Anna Bowes, co-founder of savings website Savings Champion replies: Cash Isas are a good idea if you can no longer avoid paying tax on your savings, even though in many cases the rate would appear to be less on the Isa than the equivalent taxable account.
So you need to take a look at what you would earn after tax on the standard account, compared to the tax-free interest on the Isa.
For example, the best taxable account offering unlimited access is paying 5.2 – but this falls to 4.16 per cent after the deduction of basic rate tax. The top easy-access cash Isa, with no restrictions, on the other hand, is paying 4.83 per cent from Shawbrook Bank.
This Isa does accept transfers in but is not a flexible Isa. This means that if you withdraw any money from the Isa, you cannot replace it without the replacement counting towards part of your annual Isa allowance which is currently £20,000.

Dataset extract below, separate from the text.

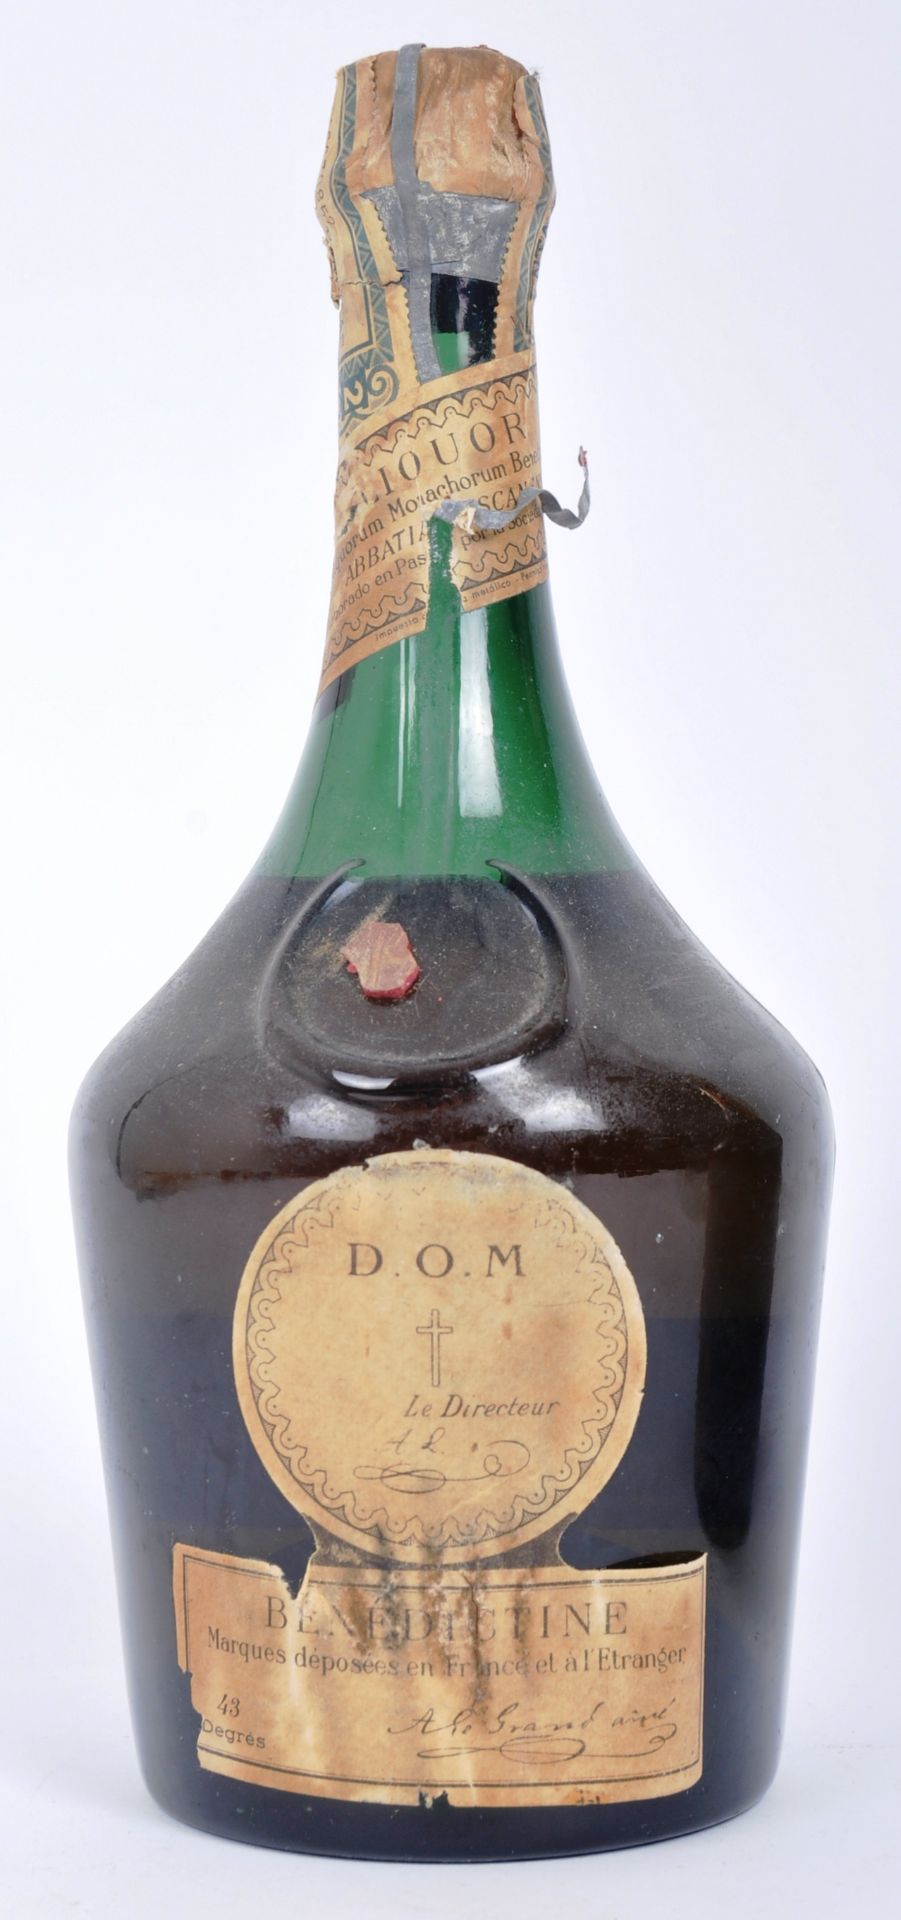 D.O.M. BENEDICTINE - TWO BOTTLES OF VINTAGE CHAMPAGNE - Image 2 of 11

Limits: Savers have a personal savings allowance, which means they can earn £1,000 or £500 of interest tax-free, for basic and higher rate taxpayers, respectively
What about a flexible Isa?
Anna Bowes replies: If you withdraw any money from an Isa that is not flexible, you cannot replace it without the replacement counting towards part of your annual Isa allowance which is currently £20,000.
Flexible Isas allow withdrawals to be made and then replaced within the same tax year, without it counting towards your allowance. T
his could be important if you need to make withdrawals on a regular basis, which you would then want to pay back in, to keep the maximum in the tax-free wrapper, but are expecting to deposit the full £20,000 also.
As an example, if you placed £20,000 into a non-flexible Isa and withdrew £5,000 you would not be able to replace that money until the following tax year, and it would then form part of your new allowance. With a flexible Isa you could replace it as long as you did so in the same tax year.
The best flexible easy access Isa is the Skipton Bonus Cash Isa Saver Issue 15 which is paying 4.9 per cent – although this rate does include a bonus of 1 per cent for the first 12 months.
Andrew Hagger replies: If there’s going to be quite a bit of money going in and out of the account during the year then a flexible Isa makes sense as it means that you have the freedom to withdraw your money and, crucially, put it back again without affecting your annual allowance.
For a flexible cash Isa, Skipton Building Society’s Bonus Cash Isa is worth a look. It pays 4.9 per cent (which includes a 1 per cent bonus for 12 months) as well as unlimited penalty free withdrawals. This Isa accepts transfers in from other Isas and the minimum balance is £1.